Great shows, great price – great loss
It would appear that Doug Ford is doubling down on his efforts to make it clear that he has no intentions whatsoever of reevaluating the decision to open up sections of the protected Greenbelt to development. On Monday, he promised all the communities that have been given housing targets to meet by 2031 that they would rewarded by receiving a portion of a $1.2 billion fund created especially for applauding municipalities that got on board.
Lest your eyes glaze over at the mention, yet again, of this Greenbelt/housing fiasco – for that’s what it is – think for a moment about what is going on just to the south of Uxbridge, and how it will affect us as a town, perhaps even you personally. I ask this because it’s affecting me in an extremely personal way. Ford’s decision to sell off out the Greenbelt and okay the building of hundreds of homes in North Pickering is going to substantially change my life.

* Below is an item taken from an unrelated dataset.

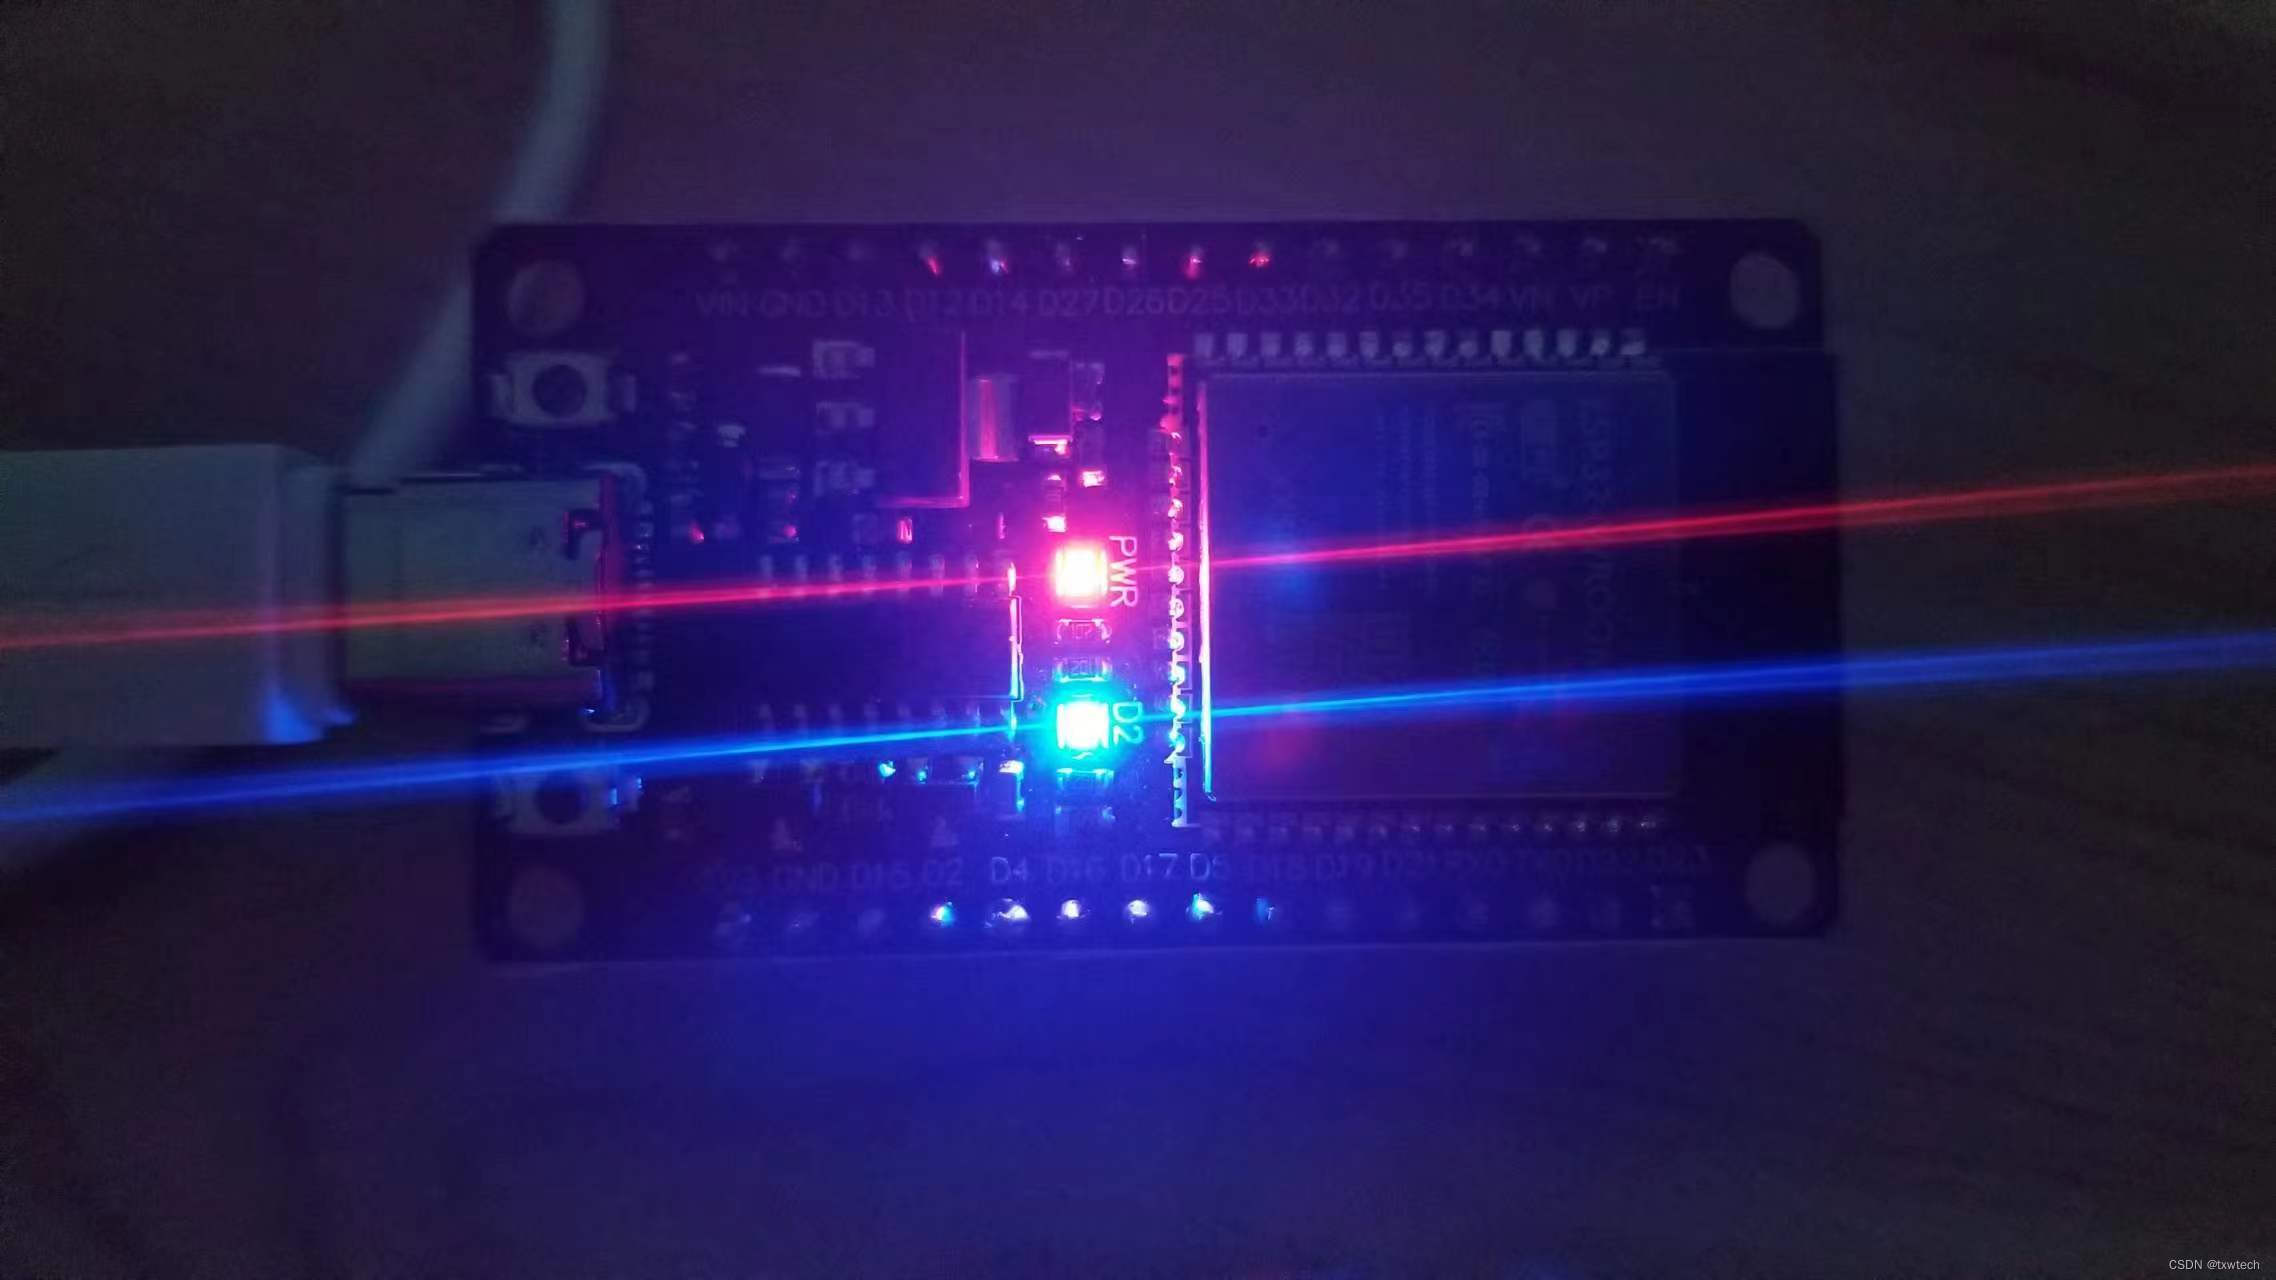 第2篇:ESP32 helloword第一个程序示范点亮板载LED

About 16 years ago, I took a small part in a farce called Pardon Me, Prime Minister at Herongate Barn Dinner Theatre (Herongate for short). For those who have not been fortunate enough to have ever visited this gem, located just south of Whitevale on Altona Rd., Herongate is literally a theatre inside a century-old barn. Guests eat where the cows used to reside and get milked, and the theatre, above the barn/dining room, was formerly the mow where hay was stored. Also on the property, which is surrounded by luscious rolling hills, crops, and greenery as far as the eye can see, is a large, rambling farmhouse that is as old as, if not older than, the barn itself.
I love being at Herongate. I love the people I have performed with. I was quickly taken in by the Herongate family, and have lost count of how many plays I’ve done since that first show. I’ve celebrated milestone birthdays there, led the conga line at many a New Year’s Eve party there, and worn enough wigs to know that I definitely don’t look good as a redhead, and not bad at all with grey hair! Herongate is my home away from home. The people who own it – Ann Ward and Steve Graham – have become incredibly dear friends, as have so many of the actors with whom I have worked.

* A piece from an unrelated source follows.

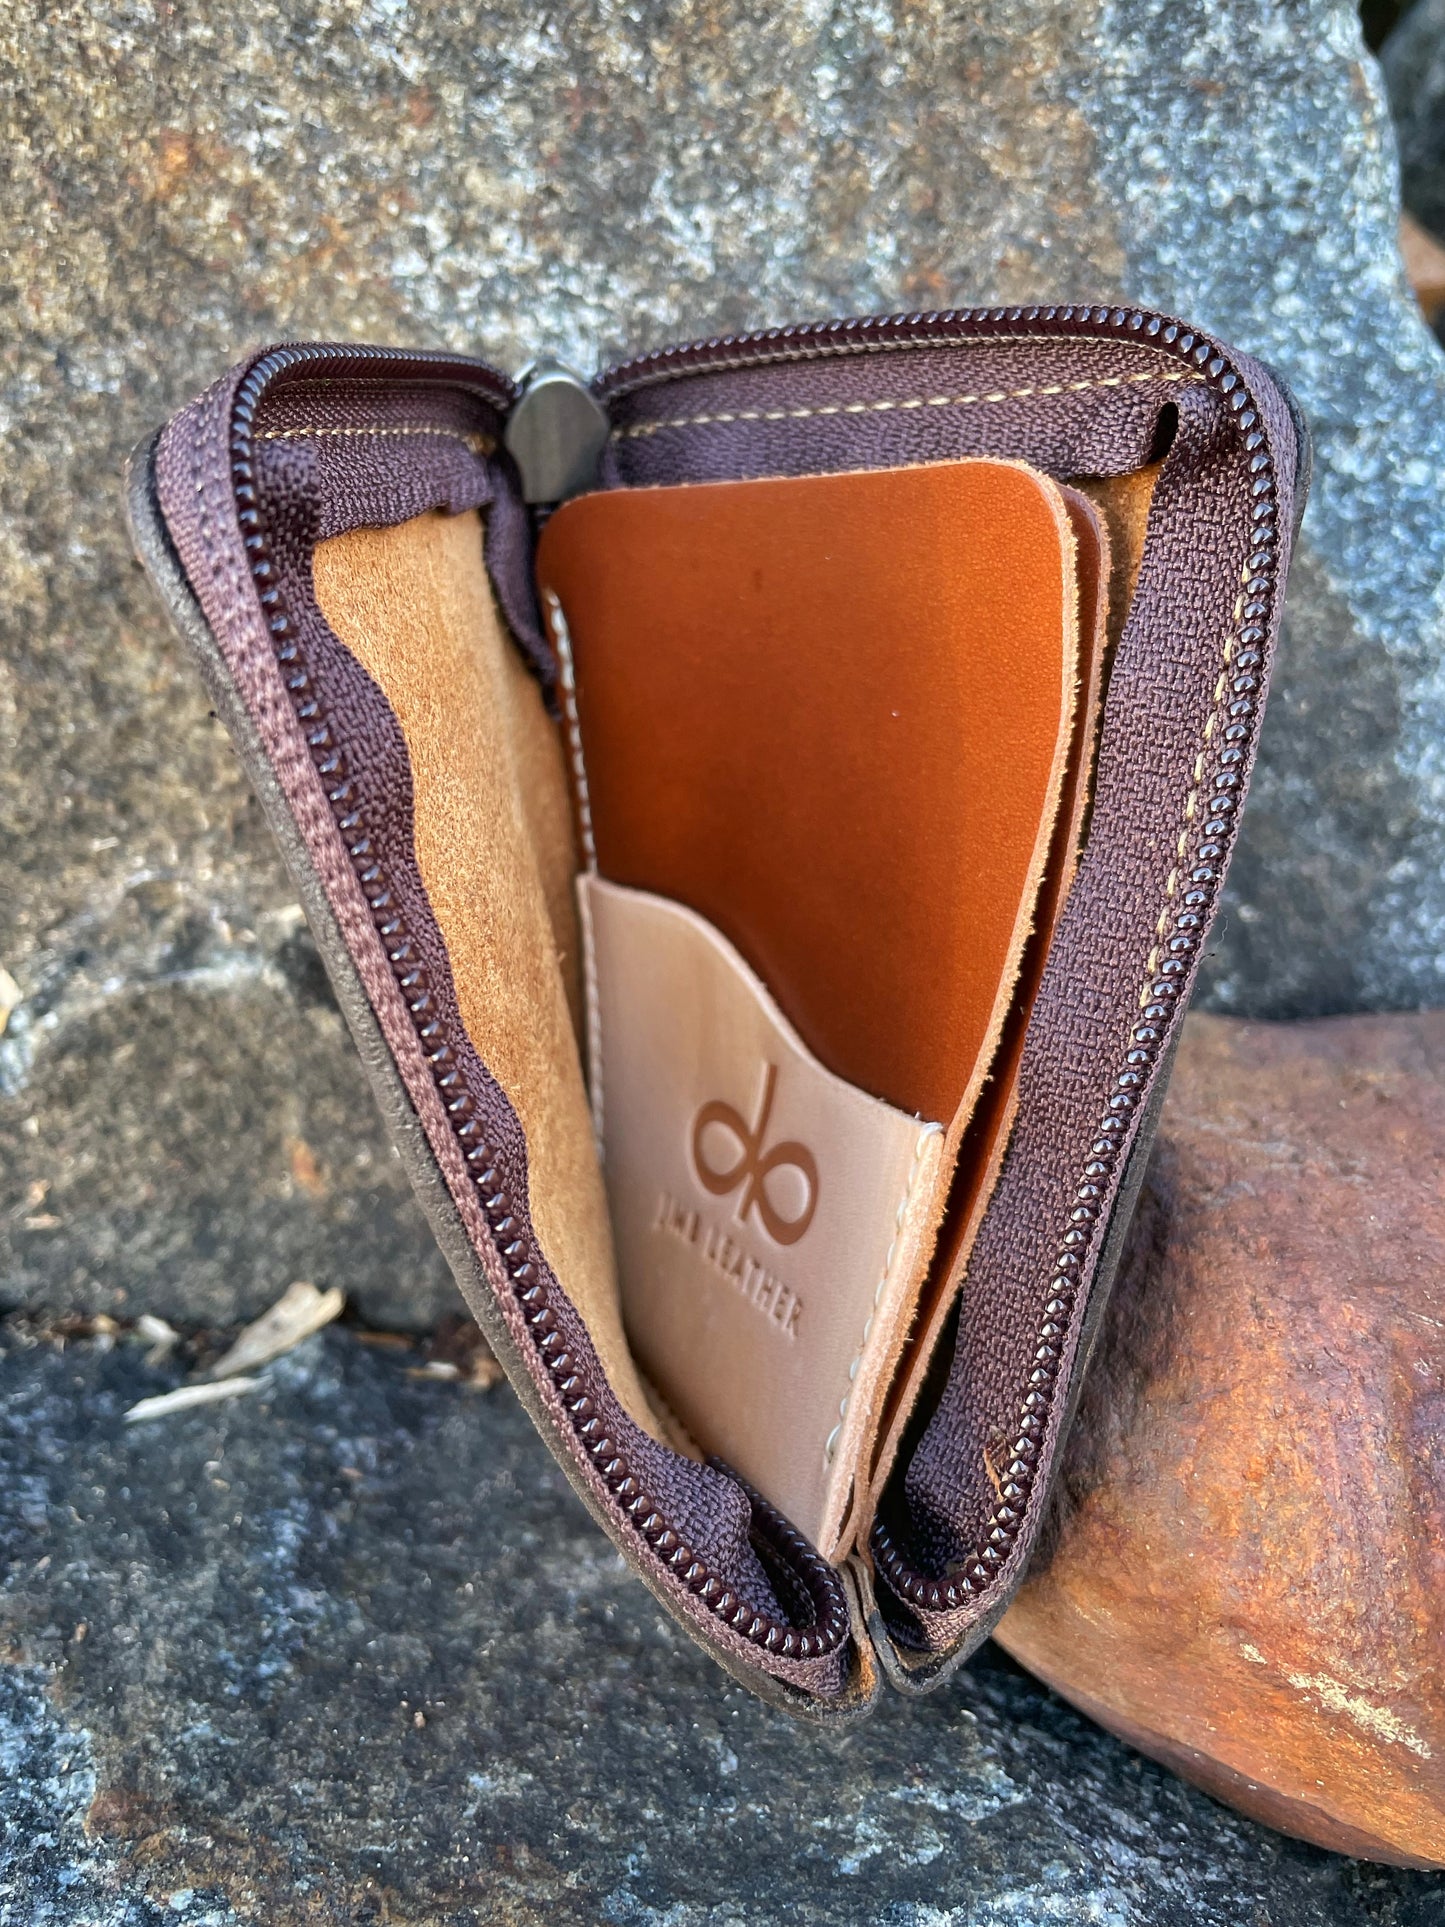 Compact ZIP wallet orange

After 50 years of serving millions of home-cooked meals and staging hundreds of plays and musicals, Herongate’s curtain will close for the last time on Sunday, Sept. 10. Not because it’s changing hands, and not because the owners want to retire – in fact, the entire 2023 season was billed and ready to go. We were already planning New Year’s Eve. No, Herongate is closing because TACC, a huge development company, didn’t like that the nine acres on which Herongate stands was a tiny little holdout in the middle of all the land they had already purchased and, once ol’ Dougie removed development restrictions on this land, were ready to build houses on. Well, they (TACC) finally got their way, and Herongate was sold. To a developer.

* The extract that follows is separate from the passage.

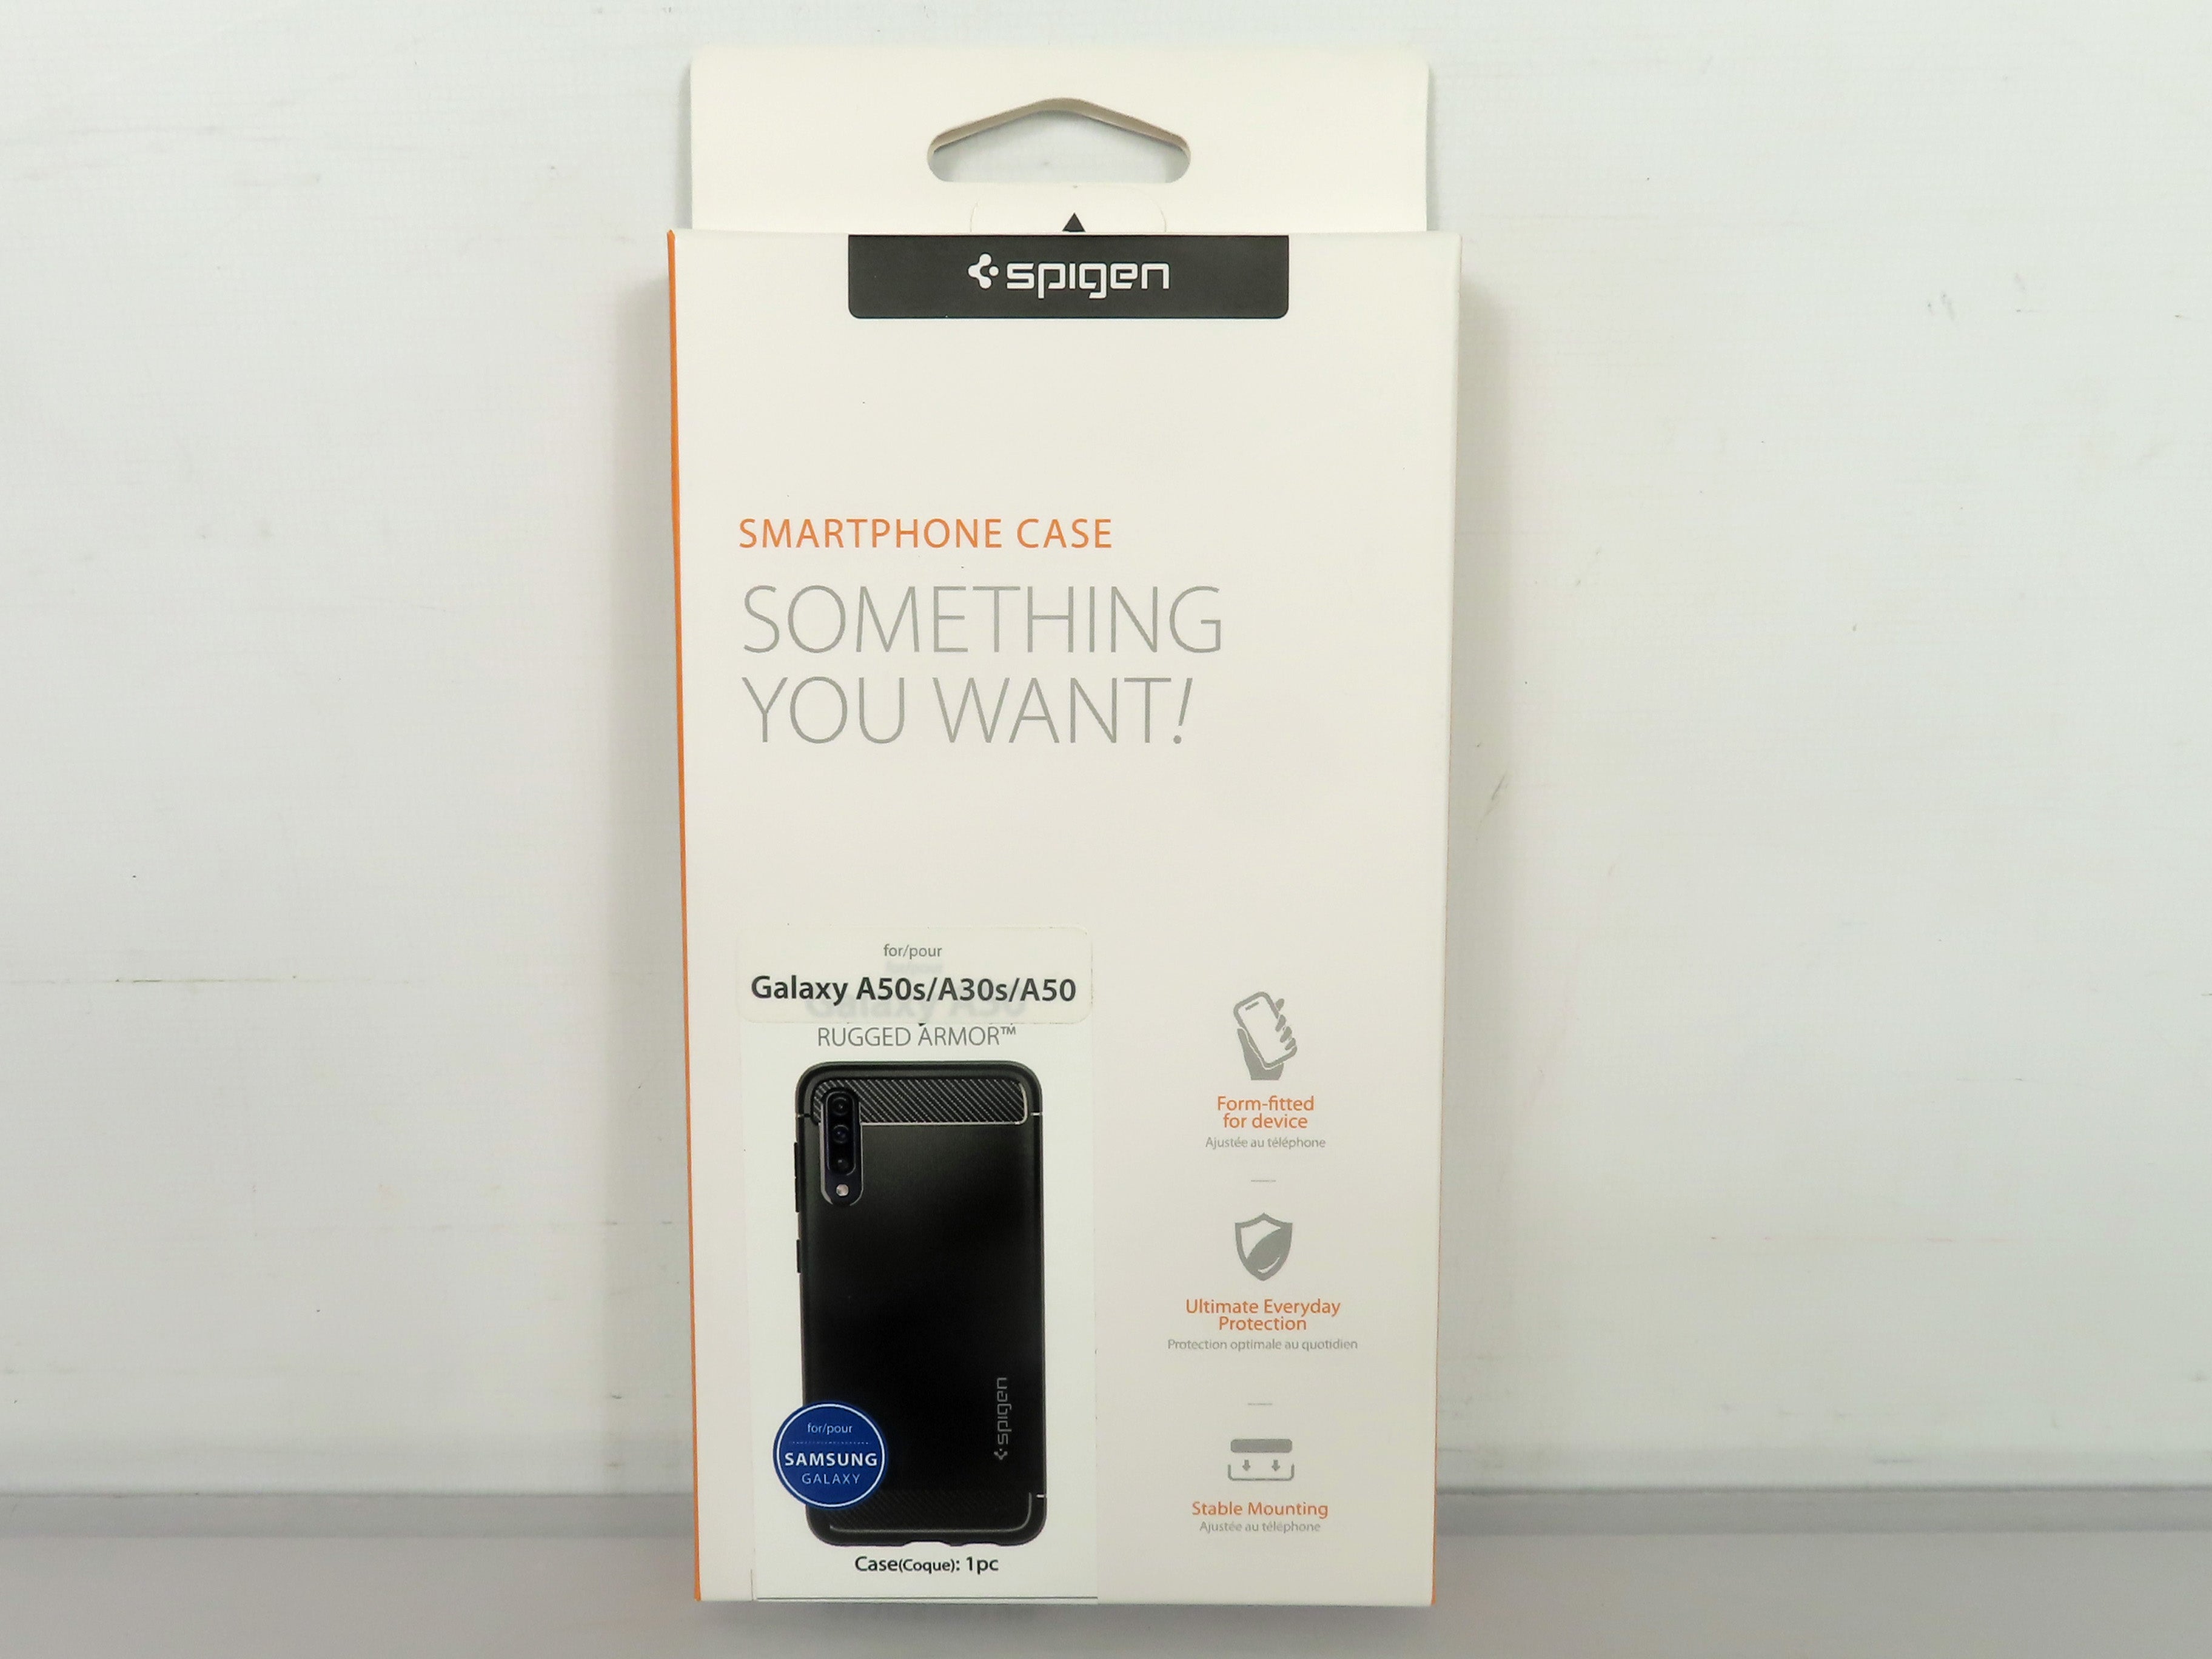 Spigen Rugged Armor Galaxy A50s/A30s/A50 Smartphone Case

Writing those words makes me sick, especially after the auditor general’s recently released report on the Greenbelt revealed that the lands on which Herongate sits weren’t even required for the 1.5 million homes the Conservatives are bent on getting built.
The rolling hills I described earlier will likely disappear. Untold amounts of wildlife will lose its habitat. And the crops that are currently growing there – all that beautiful farmland that ensures we eat – will be gone. The house and barn – I can’t speculate on what will happen to them, but even if they were moved, brick by brick and board by board to another location, it just wouldn’t be the same.
I’m in this final Herongate show, and after every performance, I cry while driving home. I cry for myself. I cry for live theatre. I cry for the thousands of people who love Herongate and have been regulars over the years. I cry for Ann and Steve, who have essentially been forced to move on from a business that Ann’s parents started 50 years ago. I cry over a government that clearly doesn’t listen to the people that elected it. I cry over people so bent on greed for money, development, and paving over our planet, they will stop at nothing until they get their way.
I wonder if we should invite Doug Ford and his buddies to the Sept. 10 performance. Perhaps the crying they’ll see then will make them realize that some things don’t have a price. But the show must go on.